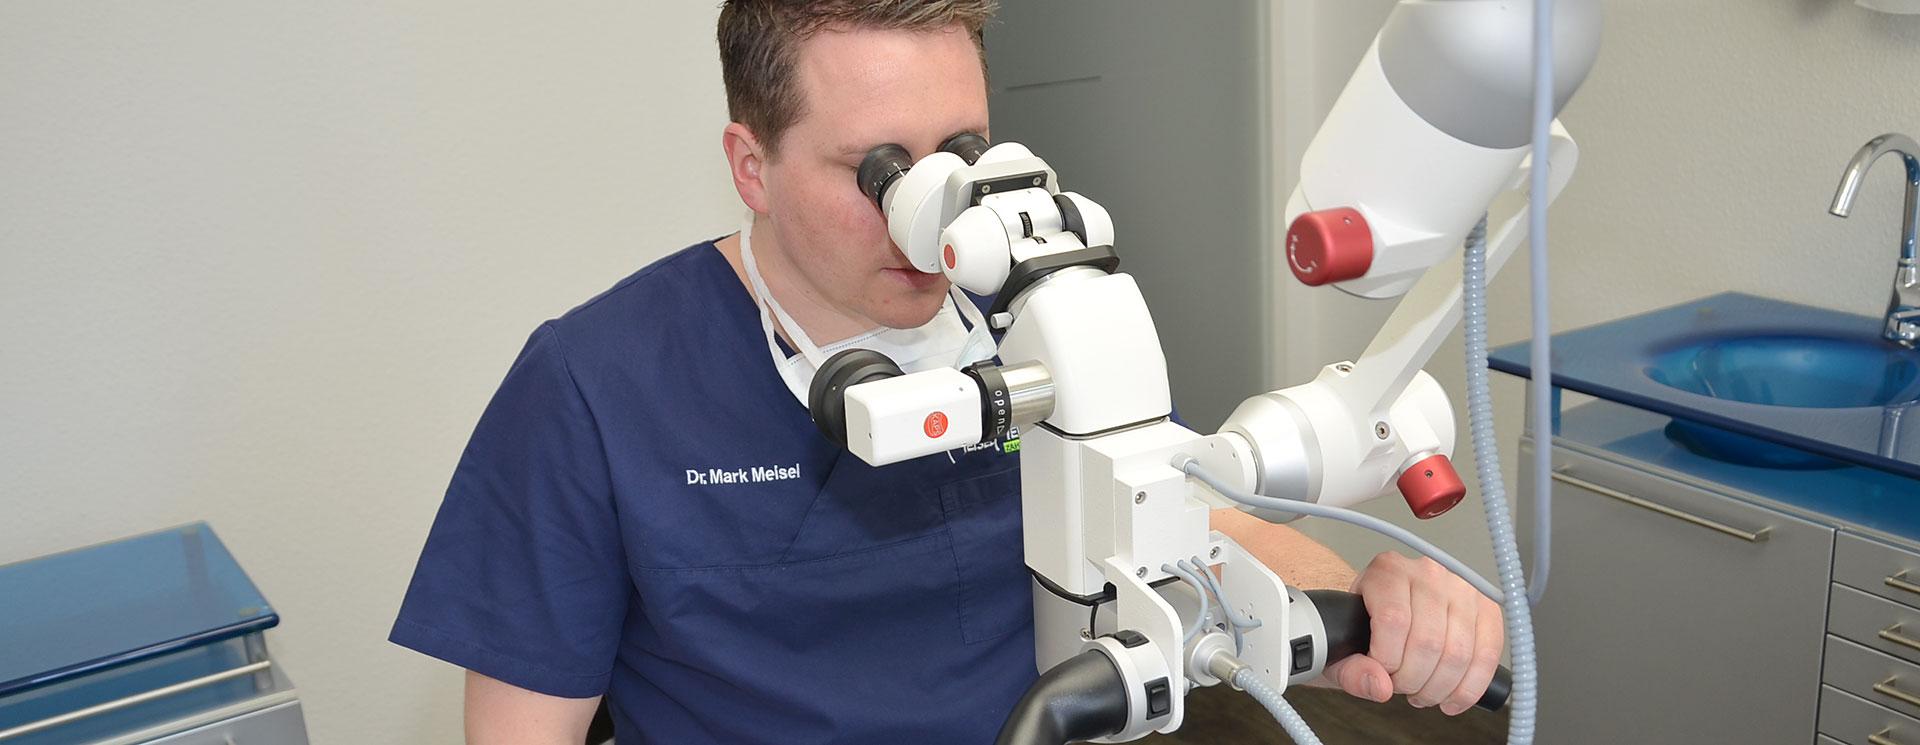 Wurzelbehandlung mit OP Mikroskop - Zahnarztpraxis Dr. Meisel Nürnberg
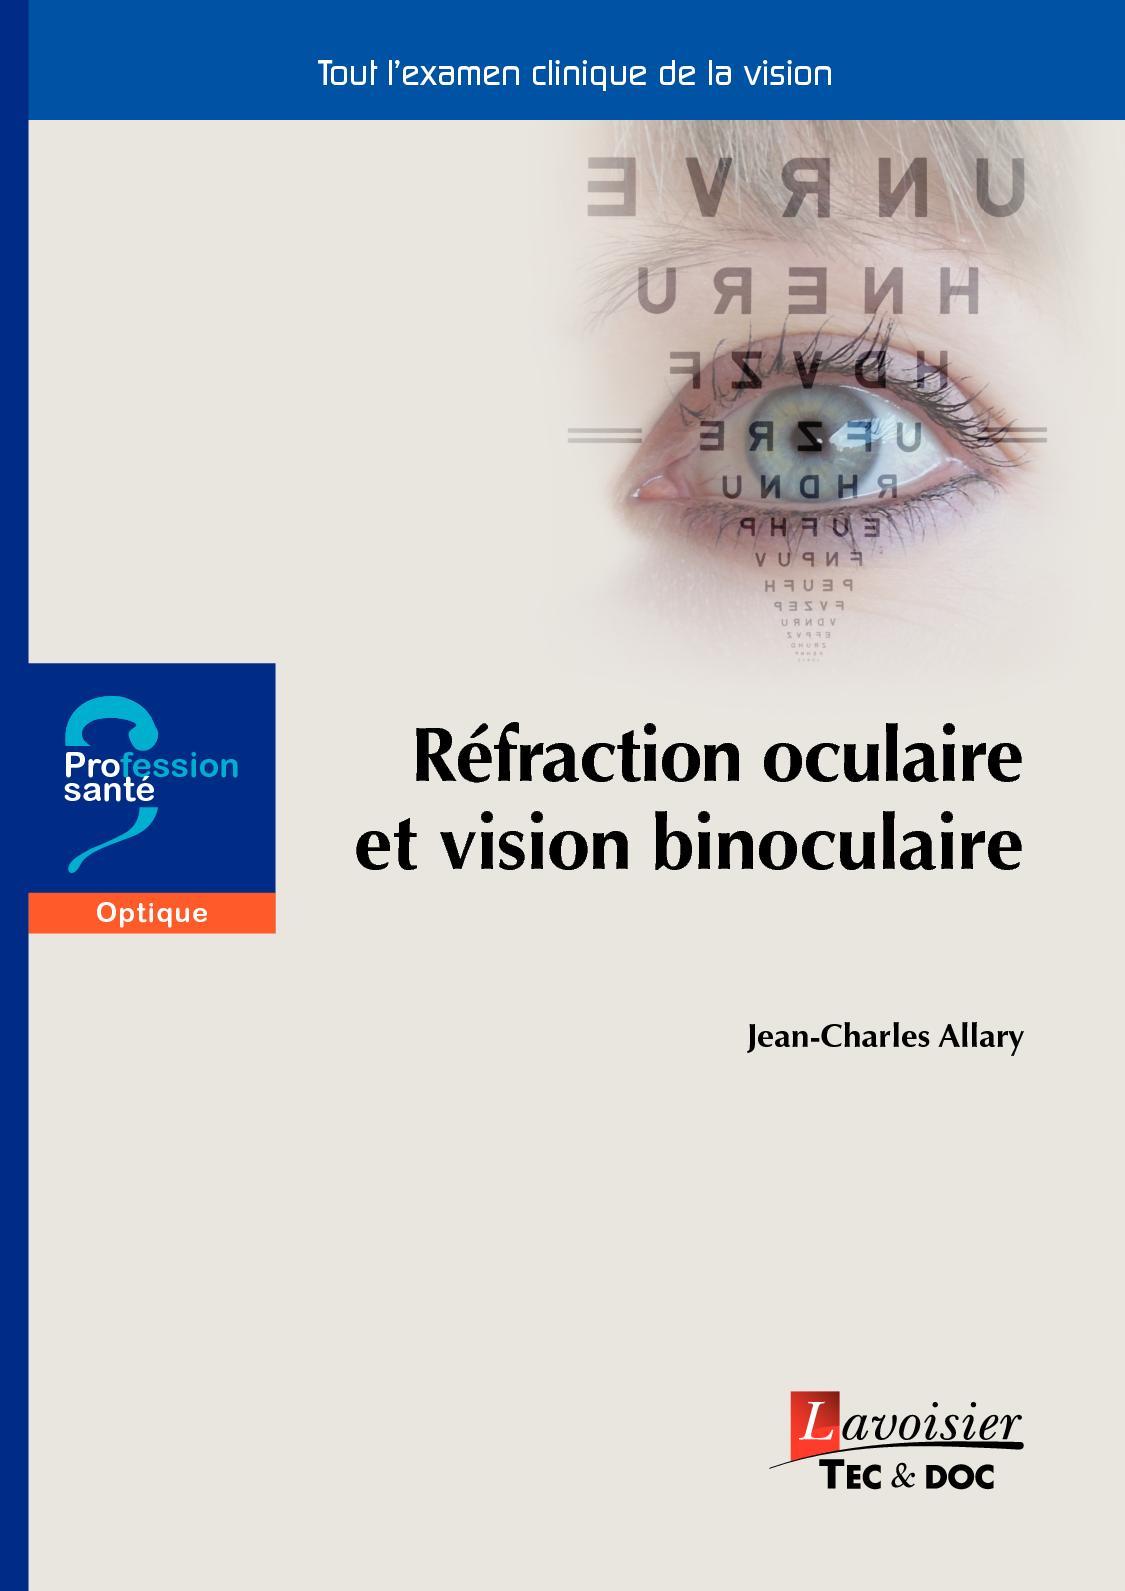 Calaméo - Réfraction oculaire et vision binoculaire, ALLARY Jean-Charles -  Pages liminaires 1feae29a360d
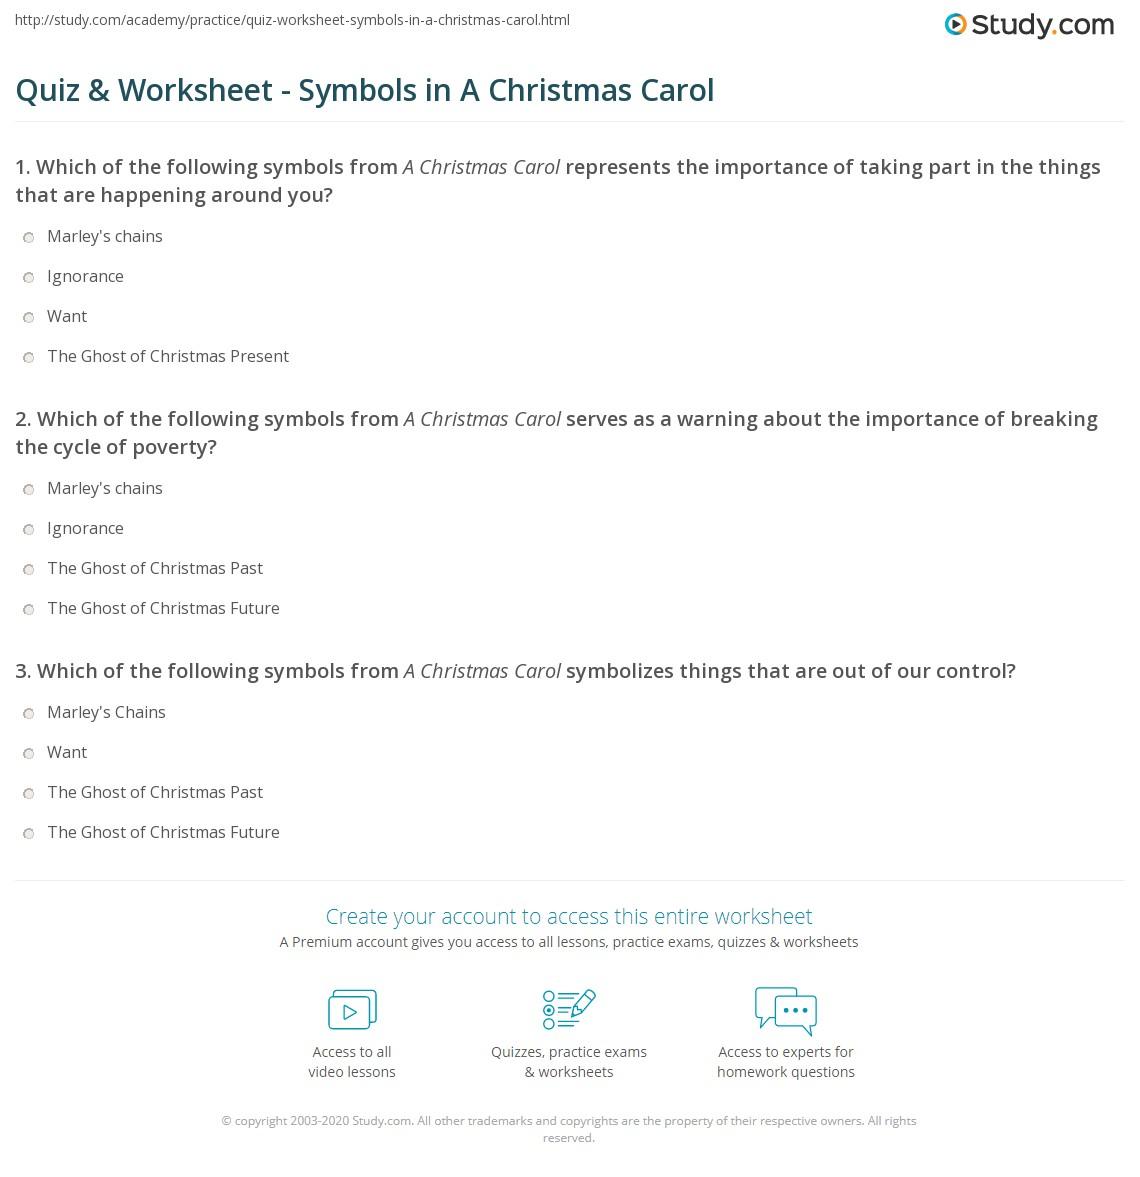 A Christmas Carol Symbols Worksheet

§ **DIRECTIONS FOR THIS TASK**
What you give back should be exactly the lines from the line holding "Calaméo - Réfraction" through the final line of the material, both ends included, and please leave out the pictures.

§ **ANSWER SECTION**
 Calaméo - Réfraction oculaire et vision binoculaire, ALLARY Jean-Charles -  Pages liminaires 1feae29a360d
 A Christmas Carol Symbols Worksheet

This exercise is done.